2. Filesystem as the primary datastore

All persistent state lives on disk in a structured directory layout:

Easy to inspect
Easy to version with Git
Easy to migrate later if needed

Databases are considered an implementation detail that may be introduced later, not a foundational dependency.

3. Append-and-merge, not replace

Fetchers do not “own” items. They emit observations that are merged into existing records. The system is designed to:

Re-fetch safely
Be idempotent
Accumulate context over time

4. Separation of discovery and persistence

Fetch logic discovers what exists. Content logic decides what it means and how it is stored.

Mono-Repository Structure

Mill is a mono-repo containing several long-lived packages and sub-projects.

mill/
├── cmd/
│   └── mill/            # Main CLI / runner
├── internal/
│   ├── fetcher/         # Source-specific fetching logic
│   │   └── sources/     # Individual source implementations
│   ├── content/         # Canonical data model + persistence
│   ├── rss/             # RSS generation
│   ├── site/            # Static page generation
│   └── scheduler/       # Periodic execution
├── content/             # Persisted items (Git-backed)
└── public/              # Published artifacts (RSS, HTML)

Core Concepts

Item

An Item represents a single, canonical piece of content (e.g. an article or page).

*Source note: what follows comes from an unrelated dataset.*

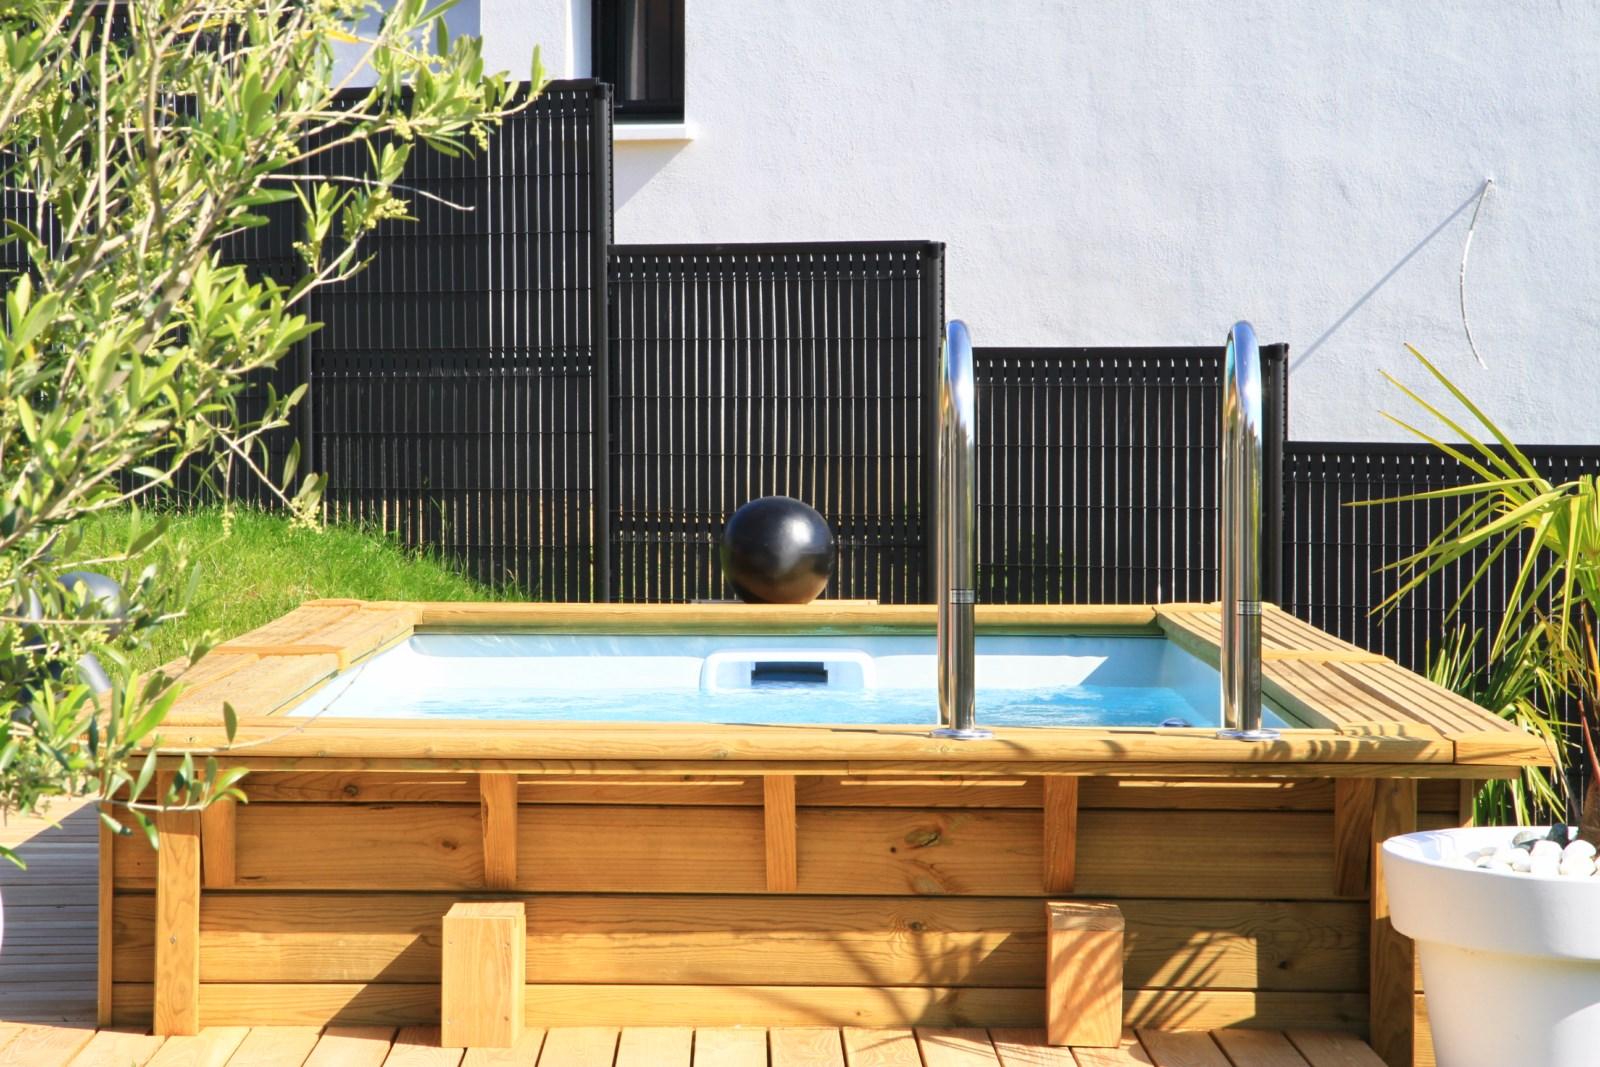 Pisciniste expert dardilly dans le rh ne paysagiste dardilly lyon les jardins de l 39 ouest - Piscine bois octogonale lyon ...

Identified by a stable hash of its target URL
Persisted on disk under a deterministic path
Accumulates metadata over time

Items do not belong to a single source.

Observation

An Observation represents source-specific context about an Item:

A discussion thread
A score or comment count
A title as presented by a source

Observations are keyed by discussion/permalink URLs and are updated in place as sources are re-fetched.

Source provenance

Source provenance records where an Item was discovered:

Feed URL
Tag page
Daily index
Submission endpoint

This allows Mill to answer questions like:

“Which feeds surfaced this item?”
“Why did this item enter the system?”

Sub-Projects

Fetcher

Responsible for discovering content from external systems.

Each source implementation knows how to:
- Fetch its data
- Interpret links and metadata
- Emit observations
Fetchers do not persist data
Fetchers do not assign identities

Fetcher interface (conceptual):

Fetch(context) → Observations

Content

Responsible for canonicalization, identity, and persistence.

Owns:
- Identity rules
- Merge semantics
- On-disk layout
Provides idempotent upsert operations
Is the only package allowed to write to content/

Content is intentionally conservative and stable, as it defines the long-term shape of stored data.

RSS

Responsible for publishing minimal RSS feeds from stored Items.

Reads from persisted content
Does not participate in fetching or merging
Produces stable feed output suitable for readers and podcast clients

RSS entries are intentionally small and link to full static pages.

Static Site

Responsible for generating per-item pages.

One page per Item
Displays canonical content, metadata, and provenance
Links back to source discussions where applicable

Static pages are treated as derived artifacts, not canonical data.

Scheduler

Responsible for orchestration.

Periodic fetches (e.g. twice daily)
Triggered runs for direct submissions
Keeps execution policy separate from business logic

Direct Submission (Sister Project)

A closely related sub-project allows direct URL submission.

Simple authenticated endpoint
Immediate ingestion
Shares internal packages with Mill
Treated as just another source of observations

This keeps ingestion paths uniform, regardless of origin.

Long-Term Extensions

Mill is designed to support, without redesign:

AI-generated summaries (content, social, metadata)
Text-to-speech artifacts
Alternate publication formats
Database-backed indexing
Multiple fetch schedules per source

These are layered on top of the existing content model rather than replacing it.

Summary

Mill is a deliberately constrained system:

One user
One repo
One canonical data model

By focusing early on identity, provenance, and merge semantics, Mill aims to make later features easy to add without rewriting the core.

The design favors clarity and durability over cleverness, and treats persistence formats as long-term contracts rather than implementation details.